▶ [Aim of the task]: From the opening line of the records through the line bearing "Primitive Carved Wooden Horse Sculpture", set down every line exactly.

▶ [Material for the task]:
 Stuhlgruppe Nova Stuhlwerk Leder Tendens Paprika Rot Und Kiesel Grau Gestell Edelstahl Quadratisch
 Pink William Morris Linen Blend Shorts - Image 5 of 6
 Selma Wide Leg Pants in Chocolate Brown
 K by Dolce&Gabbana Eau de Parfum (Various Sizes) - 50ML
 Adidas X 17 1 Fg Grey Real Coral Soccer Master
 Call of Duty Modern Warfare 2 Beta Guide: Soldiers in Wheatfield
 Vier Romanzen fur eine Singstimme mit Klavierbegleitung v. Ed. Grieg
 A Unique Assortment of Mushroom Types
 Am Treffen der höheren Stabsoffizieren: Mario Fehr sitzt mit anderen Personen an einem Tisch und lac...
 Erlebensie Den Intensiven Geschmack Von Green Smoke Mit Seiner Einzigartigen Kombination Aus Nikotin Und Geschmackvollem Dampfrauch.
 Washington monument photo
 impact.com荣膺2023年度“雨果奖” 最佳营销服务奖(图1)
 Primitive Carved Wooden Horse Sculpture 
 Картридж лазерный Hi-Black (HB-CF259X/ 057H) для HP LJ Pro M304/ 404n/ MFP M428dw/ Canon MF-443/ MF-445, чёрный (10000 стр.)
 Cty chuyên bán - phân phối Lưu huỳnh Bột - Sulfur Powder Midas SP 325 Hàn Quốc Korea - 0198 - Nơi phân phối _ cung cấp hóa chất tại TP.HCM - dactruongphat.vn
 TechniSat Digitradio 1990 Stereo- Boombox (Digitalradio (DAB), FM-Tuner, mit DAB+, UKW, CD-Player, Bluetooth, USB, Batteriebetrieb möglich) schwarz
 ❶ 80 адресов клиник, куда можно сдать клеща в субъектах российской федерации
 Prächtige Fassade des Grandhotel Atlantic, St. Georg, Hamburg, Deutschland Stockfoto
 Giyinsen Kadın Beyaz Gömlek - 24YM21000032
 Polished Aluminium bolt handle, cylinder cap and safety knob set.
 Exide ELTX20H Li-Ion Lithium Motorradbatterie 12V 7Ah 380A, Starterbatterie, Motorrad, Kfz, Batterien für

▶ [Expected answer]:
 Stuhlgruppe Nova Stuhlwerk Leder Tendens Paprika Rot Und Kiesel Grau Gestell Edelstahl Quadratisch
 Pink William Morris Linen Blend Shorts - Image 5 of 6
 Selma Wide Leg Pants in Chocolate Brown
 K by Dolce&Gabbana Eau de Parfum (Various Sizes) - 50ML
 Adidas X 17 1 Fg Grey Real Coral Soccer Master
 Call of Duty Modern Warfare 2 Beta Guide: Soldiers in Wheatfield
 Vier Romanzen fur eine Singstimme mit Klavierbegleitung v. Ed. Grieg
 A Unique Assortment of Mushroom Types
 Am Treffen der höheren Stabsoffizieren: Mario Fehr sitzt mit anderen Personen an einem Tisch und lac...
 Erlebensie Den Intensiven Geschmack Von Green Smoke Mit Seiner Einzigartigen Kombination Aus Nikotin Und Geschmackvollem Dampfrauch.
 Washington monument photo
 impact.com荣膺2023年度“雨果奖” 最佳营销服务奖(图1)
 Primitive Carved Wooden Horse Sculpture 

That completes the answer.